(DATA EXCERPT Opens)

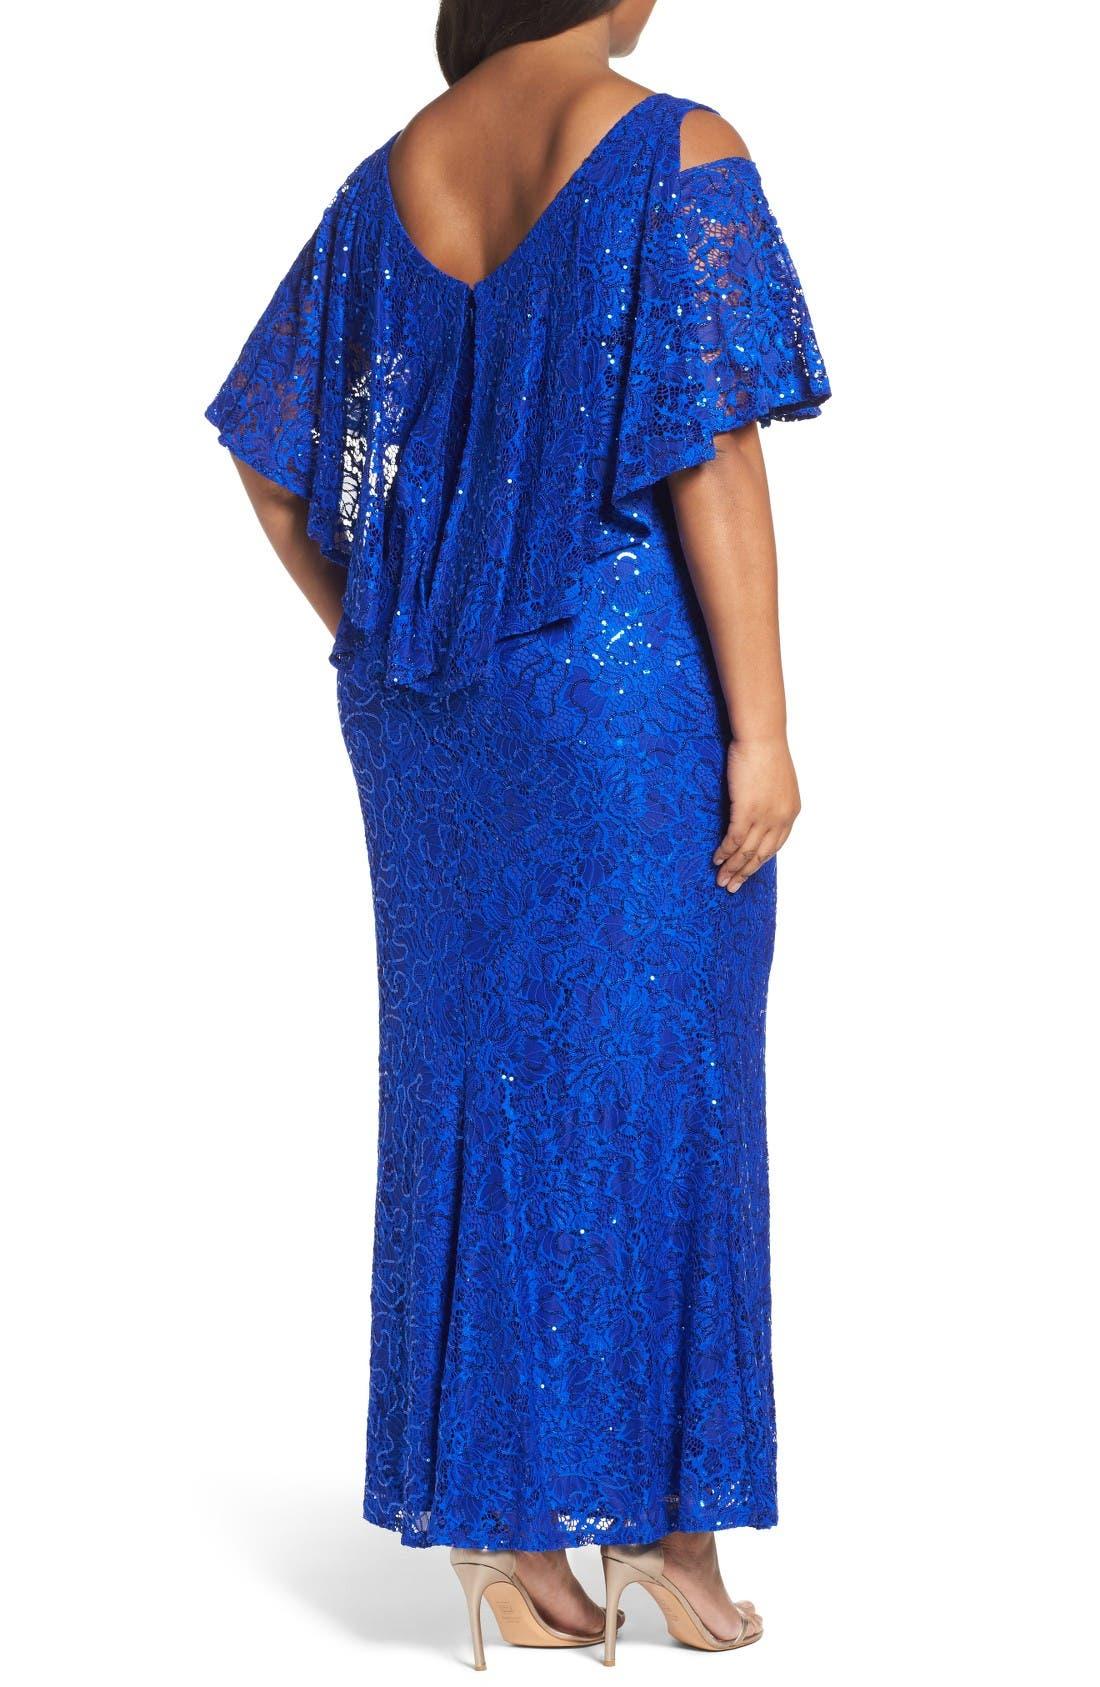 Alternate Image 2  - Marina Sequin Lace Cold Shoulder Long Dress (Plus Size)
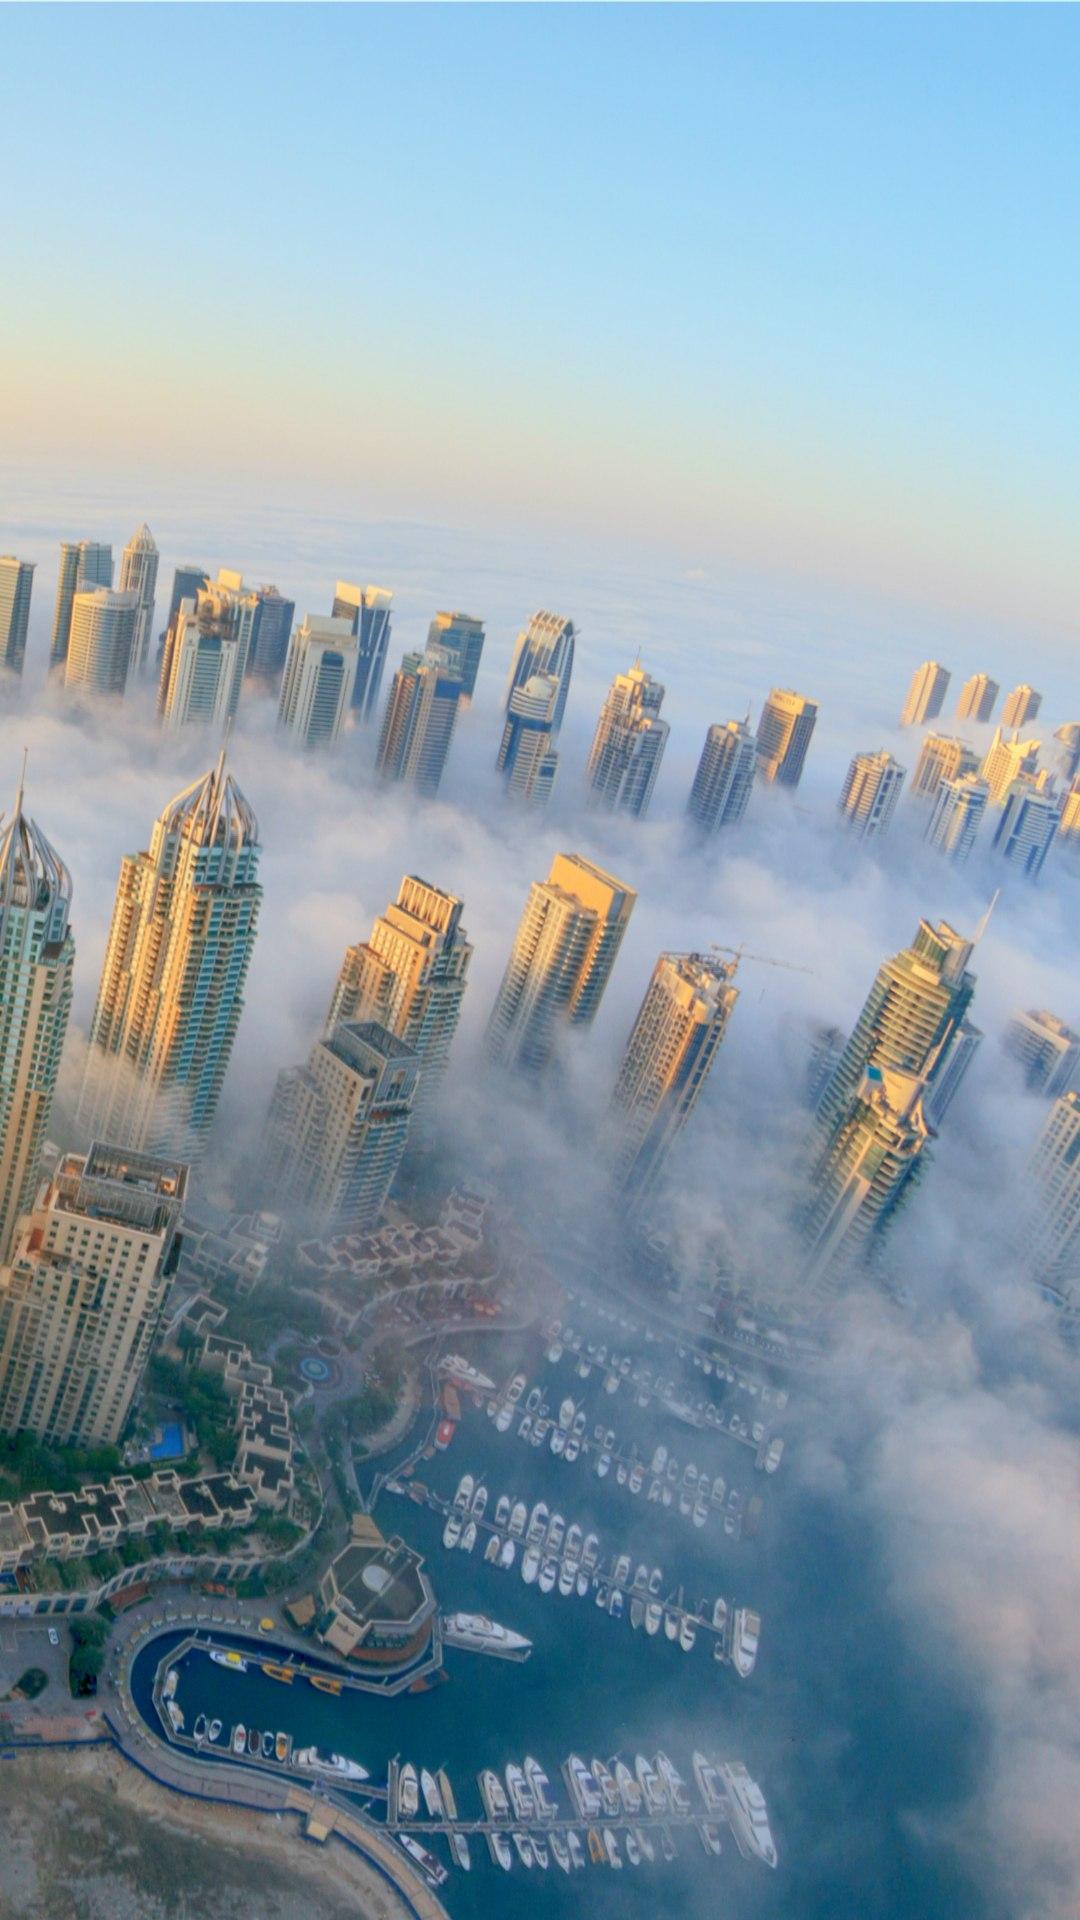 dubai city fog skyscrapers mobile wallpaper
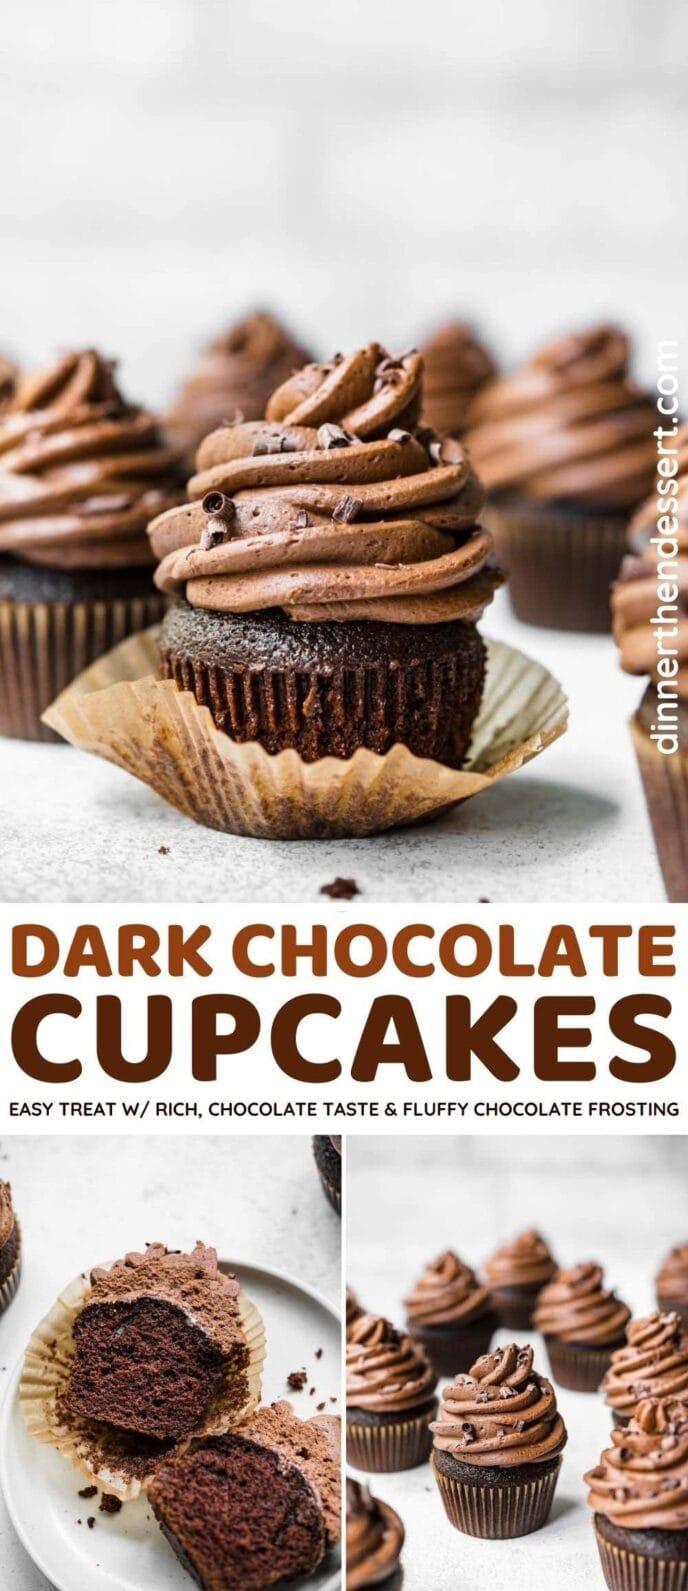 Dark Chocolate Cupcakes collage
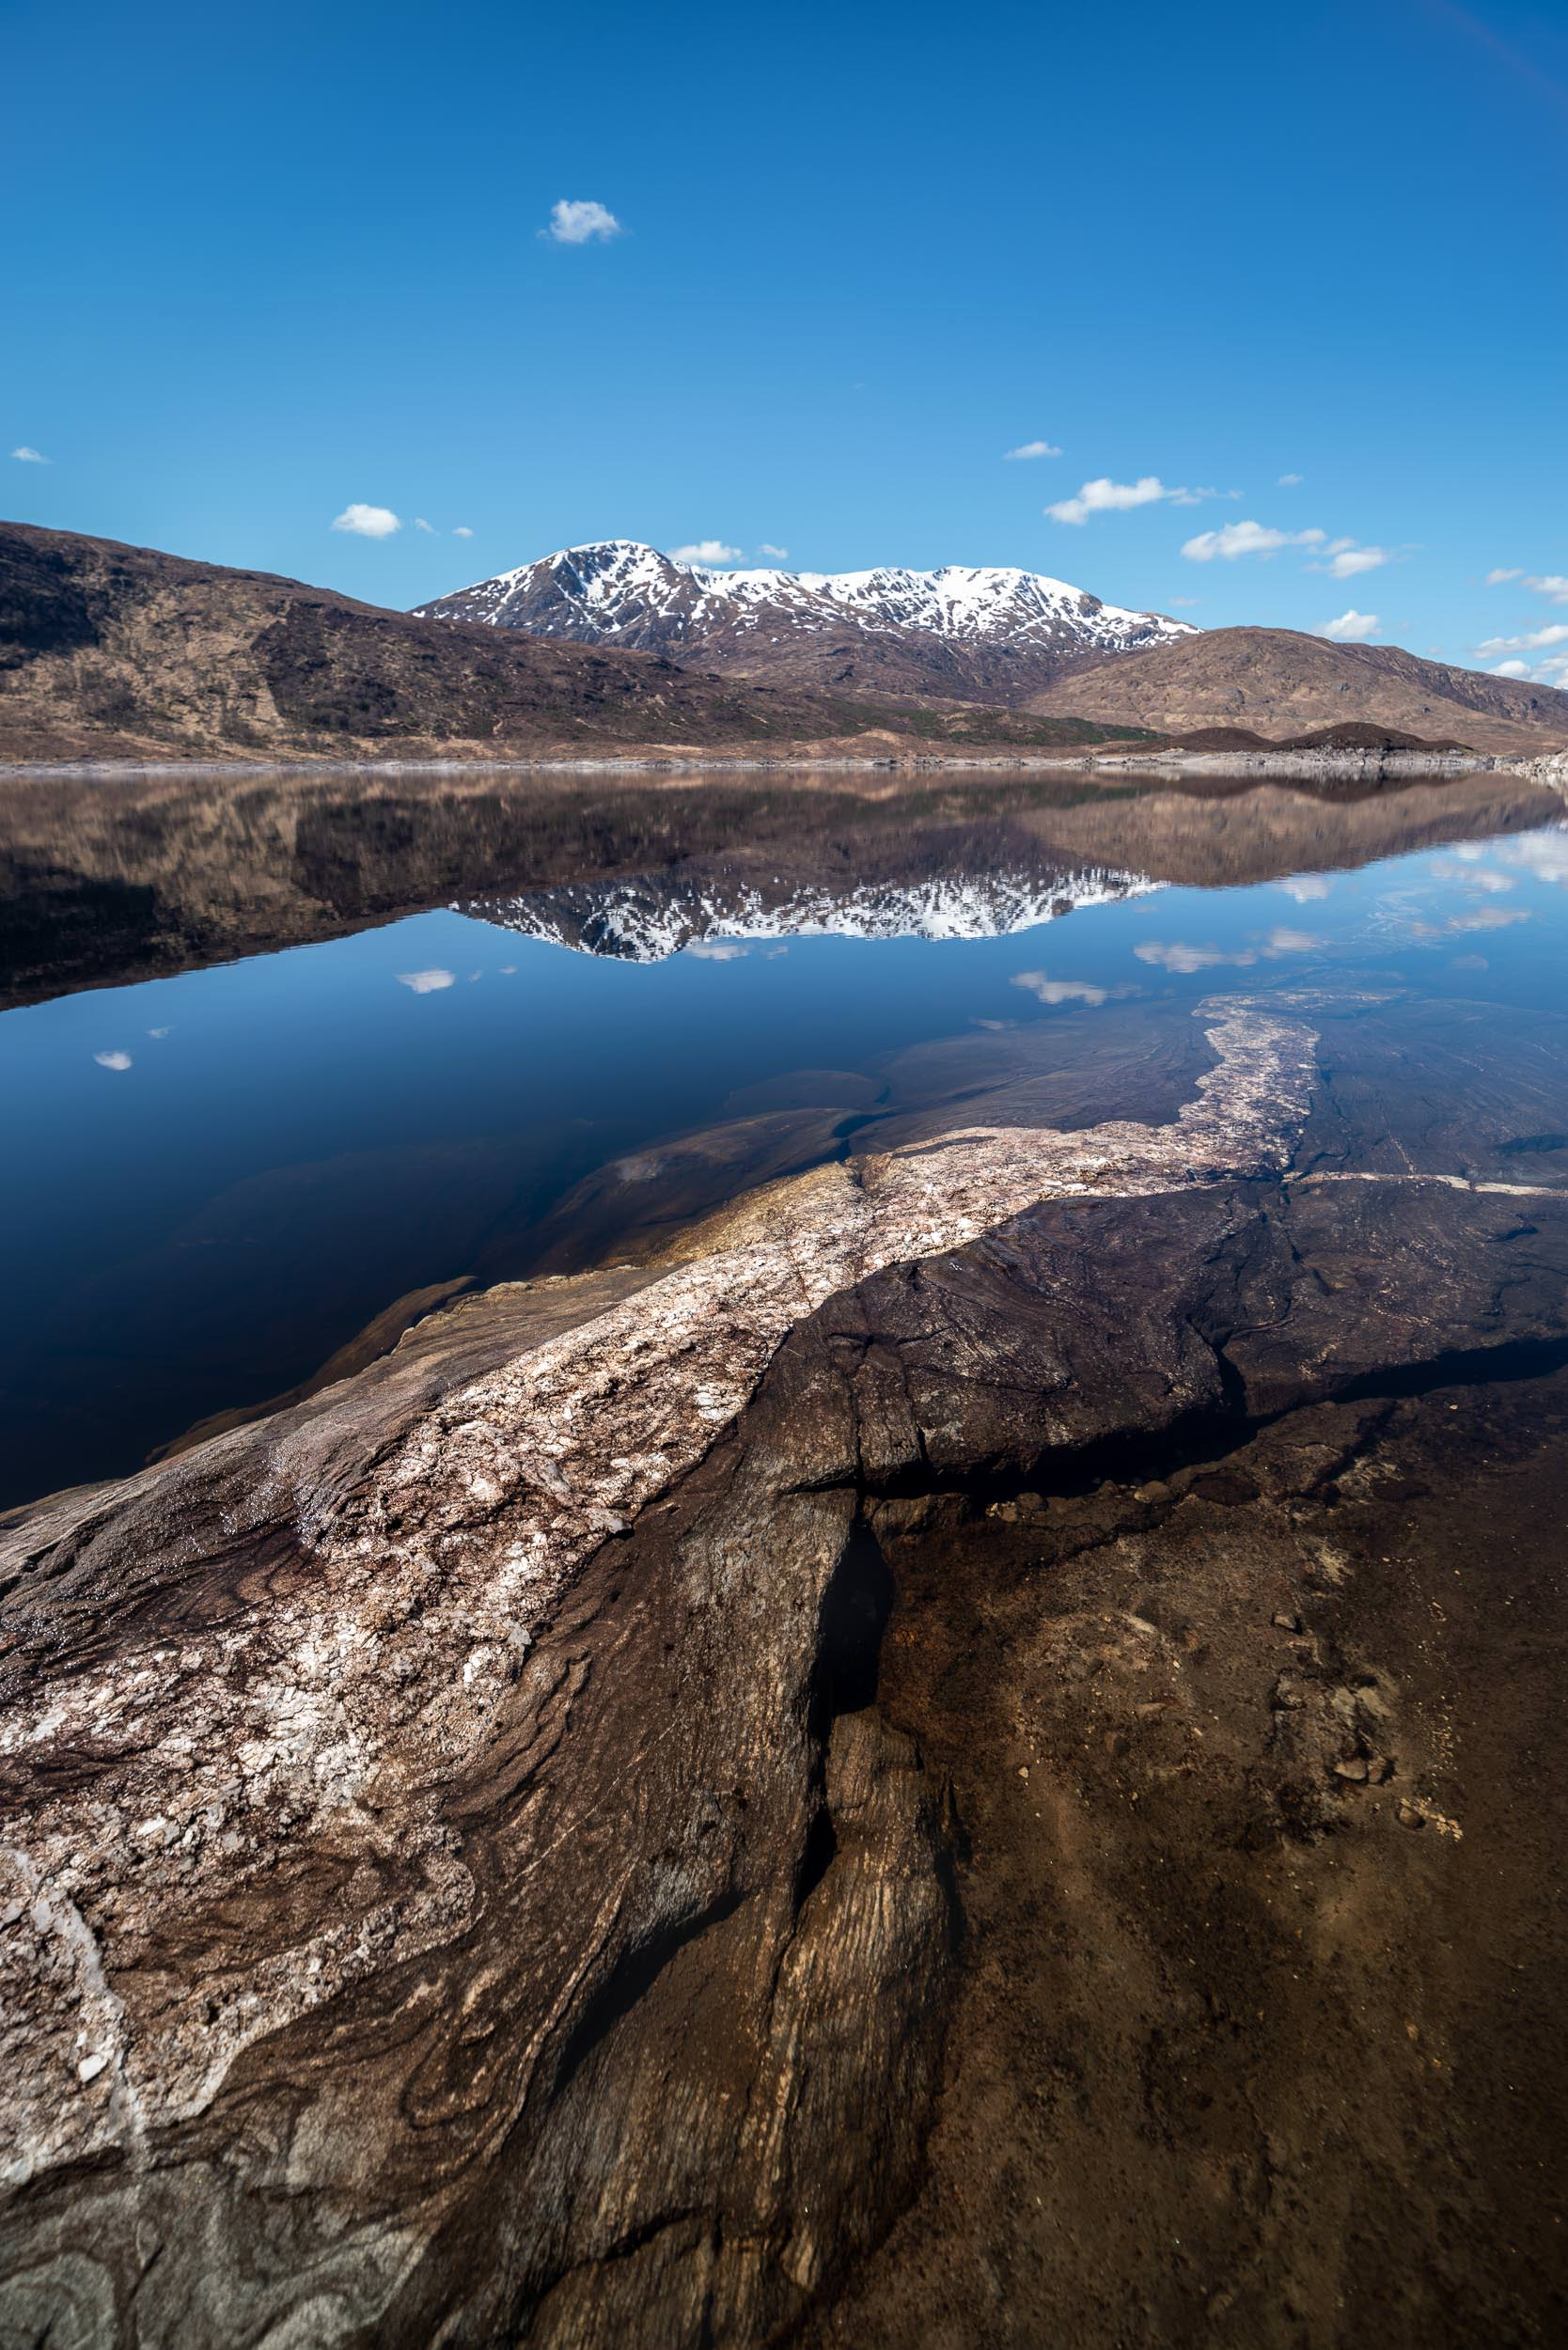 Loch Cluanie - Highlands, Scotland - Landscape Photography

(DATA EXCERPT Closes)

> WHAT YOU NEED TO DO
Copy out every line of the data exactly, leaving the images behind.

> RESPONSE
 Alternate Image 2  - Marina Sequin Lace Cold Shoulder Long Dress (Plus Size)
 dubai city fog skyscrapers mobile wallpaper
 Dark Chocolate Cupcakes collage
 Loch Cluanie - Highlands, Scotland - Landscape Photography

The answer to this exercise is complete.